Four-Handed Monsters
by Adrian Daub
It seems strange to talk about four-hand piano playing as a lost art or a forgotten practice, given how frequently those of us who make music or think about music professionally still sit down at the piano together. And yet, one look at journalism, literature, and visual art from the nineteenth century makes clear how much more universal four-hand playing was then than it is now. Everybody played with everybody—Queen Victoria with Carl Czerny, Nietzsche with Wagner, Mozart with Johann Christian Bach. Everybody wrote about it, thought about it, painted it.
Today when we look back at the music this boom produced we tend to emphasize those aspects and forms of four-hand playing that we still recognize from the way we make music today—four-hand scores as a tool for instruction, as a tool for composition and practice, as a way for educated music-lovers to reproduce orchestral pieces within the comfort of their own home.
It is the basic contention of my book Four-Handed Monsters: Four-Hand Piano Playing and Nineteenth-Century Culture (Oxford UP, 2014; first published in German, Würzburg, 2009) that that is a partial view of the phenomenon, one that makes invisible several factors the nineteenth century itself often seems to have tried to repress about the phenomenon: that four-hand playing, which often demanded close contact between the players, almost necessarily had erotic undercurrents in the prudish atmosphere of the bourgeois parlor; that the mass of four-hand transcriptions meant that it was far more closely connected to the market and to capital than attendant musical phenomena; that it seemed to play with categories of subjectivity and personhood that fascinated the nineteenth century.

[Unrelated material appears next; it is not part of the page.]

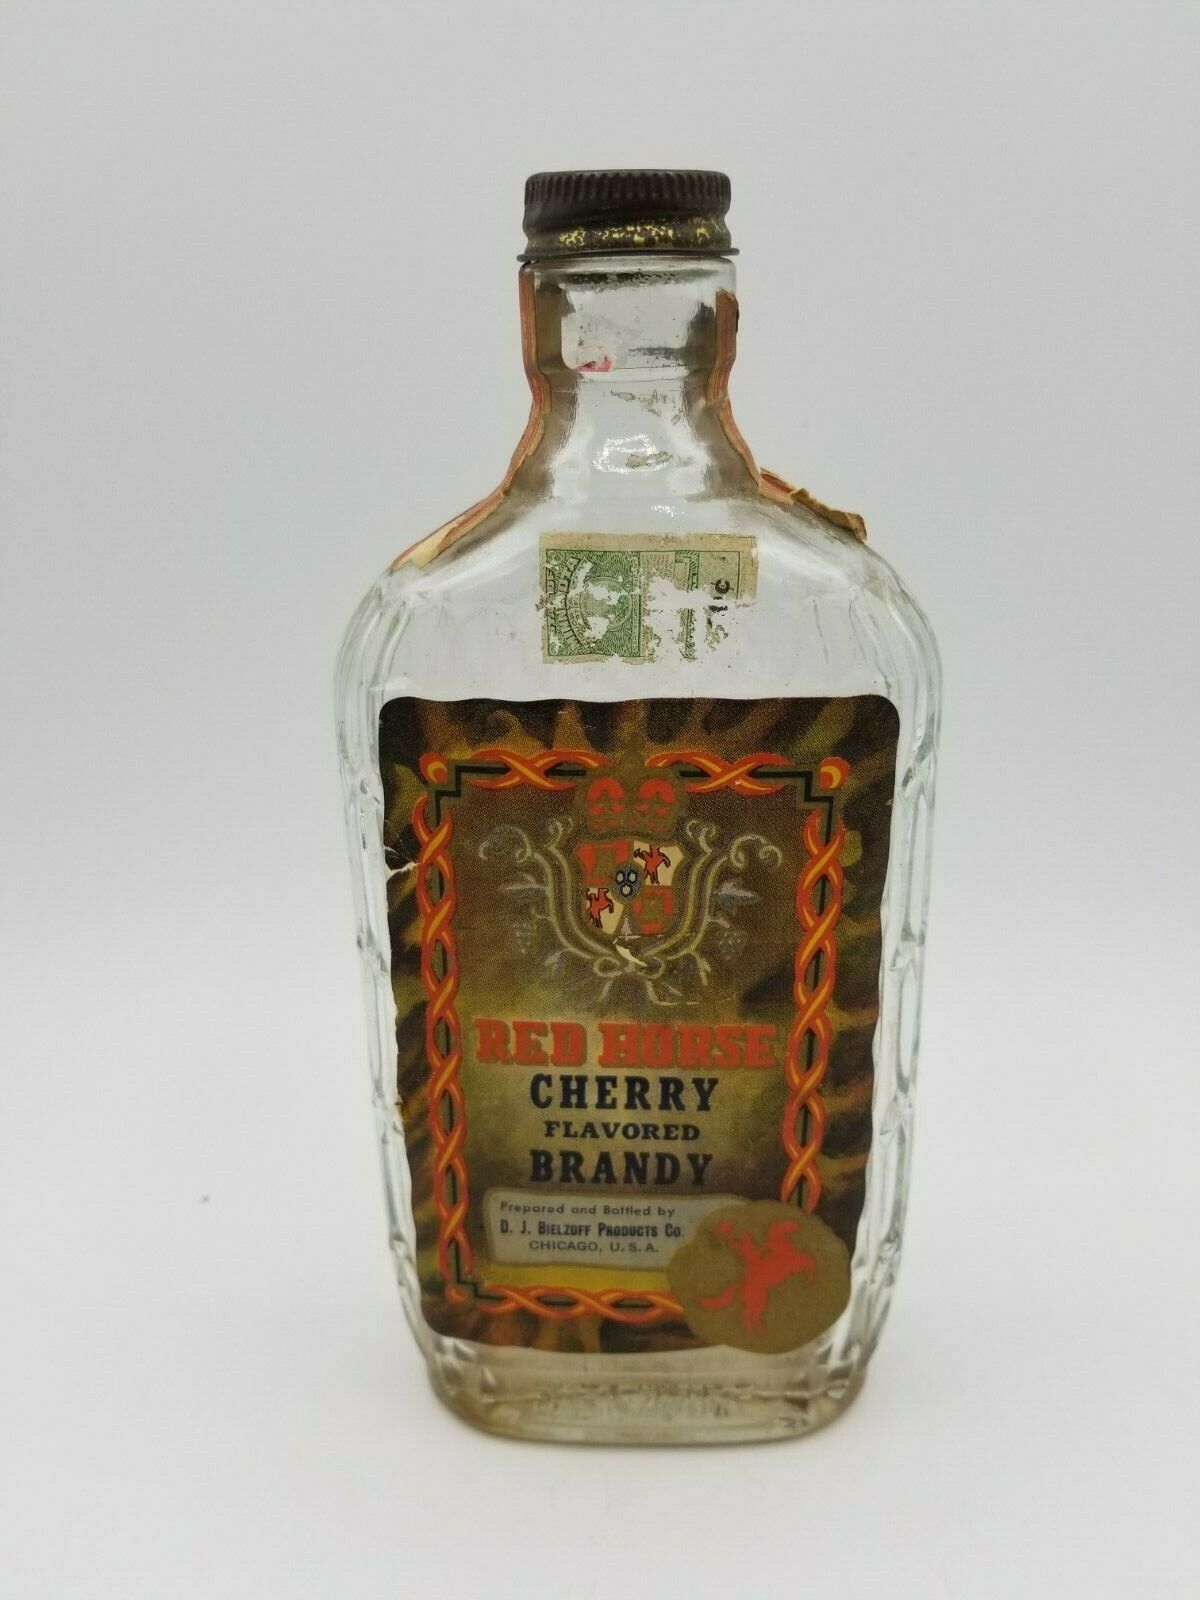 Vintage Liquor Bottle - 1945 Bielzoff Red Horse Cherry Flavored Brandy Bottle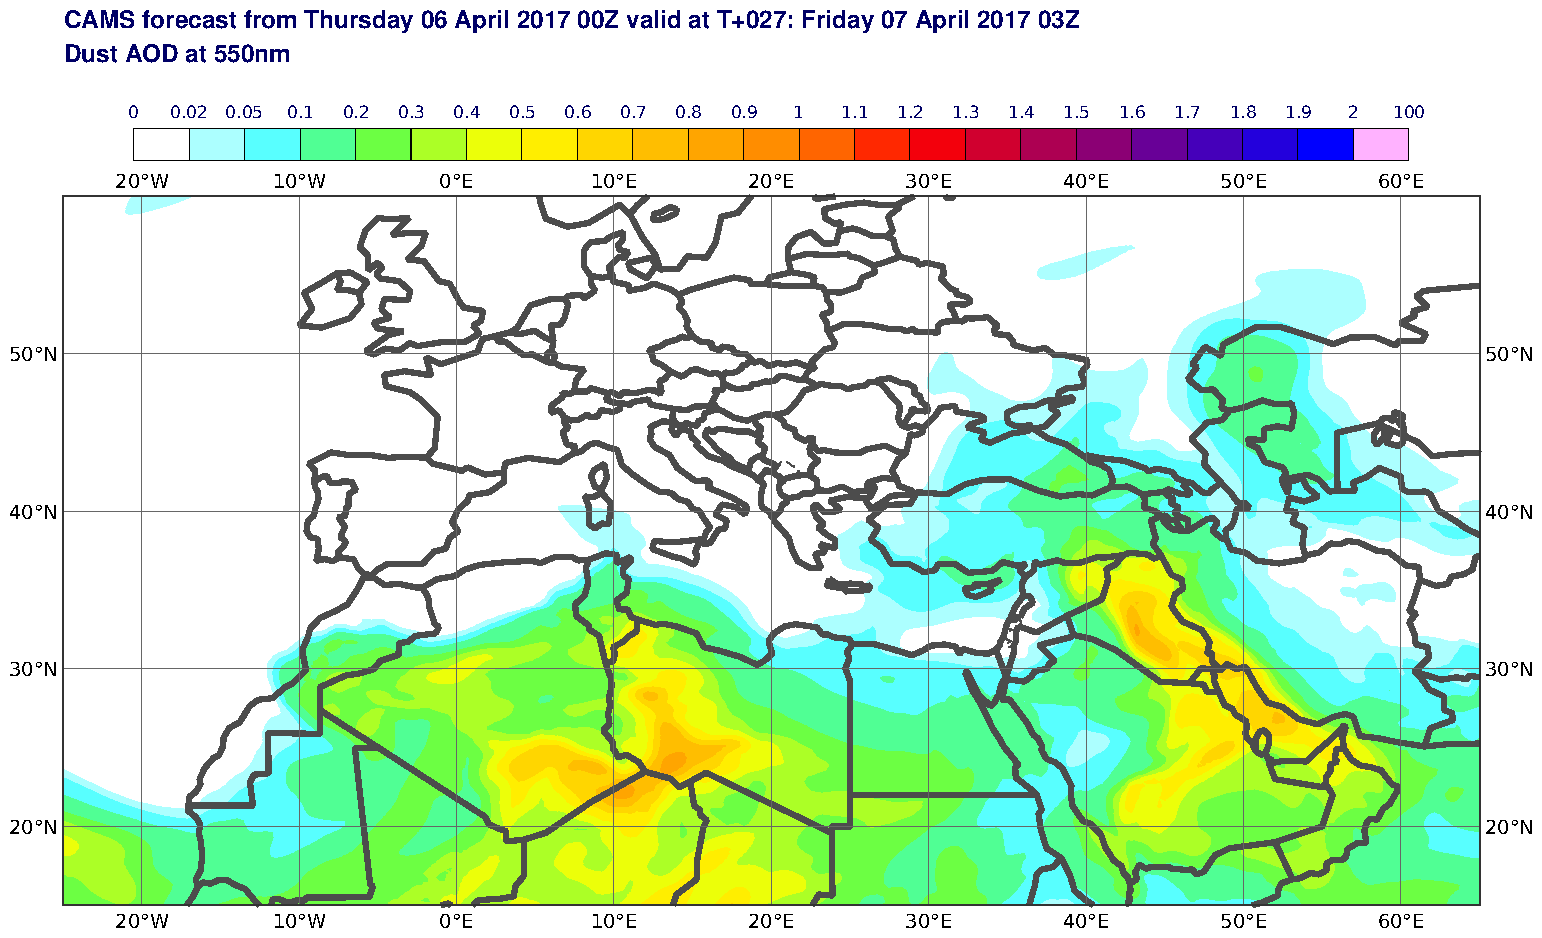 Dust AOD at 550nm valid at T27 - 2017-04-07 03:00

Marta Argerich and Nelson Freire,
referenced on p. vii of Four-Handed Monsters
In writing the book, I constantly found myself hitting upon modern-day comparisons that didn’t stem from the field of music-making at all, and instead came from the field of hobbies and games—four-hand piano playing was the nineteenth-century equivalent of the CD, the nineteenth-century equivalent of the stamp collection, the nineteenth-century equivalent of Twister, and so on.
What makes the topic so fascinating is that four-hand piano playing could be both a kind of parlor trick—essentially a novelty act, a fun social game to play after dinner—and could function as a conduit for serious thinking about music and an essential part of the transmission of musical expertise.
And usually composers, critics, players, and literary authors refused to make a distinction between one kind of four-hand playing and another. It was an inescapable part of any serious musical consumer’s repertoire, but it was that part he most frequently suspected of being less-than-serious.
The music critic Eduard Hanslick for instance was as passionate a four-hand player as they came. But when he discusses it in his criticism, it’s never quite clear how seriously he takes the practice—one moment he’ll talk about one’s relationship to “my four-handed person” (i.e., his duet partner) as a kind of marriage, the next he’ll compare their consumption of scores to playing cards.
The sense that there was something all-too-private about four-hand piano pervaded nineteenth-century depictions of the practice. The Austrian novelist Arthur Schnitzler regularly played his way through scores with his mother—but when he restaged that scene in one of his stories, he took the scene out before publishing it.
It is this difficulty the nineteenth-century public had in placing four-hand playing, this inability to decide how serious or how frivolous it is, how public or how private, how much it constitutes art and how much it resembles labor, that makes the practice such a fascinating lens through which to analyze the musical world of the bourgeoisie of the nineteenth century.
Here, at the margins of the musical canons, central questions were debated. When painters, writers, journalists, philosophers, musicians and composers watched the play of two pairs of hands on a single keyboard, they were deciding, re-deciding and contesting what counted as music, what counted as musicianship, what counted as a person, a community, or a country.
Adrian Daub is Associate Professor of German Studies at Stanford University. In addition to Four-Handed Monsters (published with a subvention from the AMS 75 PAYS Endowment), he is author of Uncivil Unions: The Metaphysics of Marriage in German Idealism and Romanticism (Univ. of Chicago Press, 2012) and Tristan’s Shadow: Sexuality and the Total Work of Art (Univ. of Chicago Press, 2013).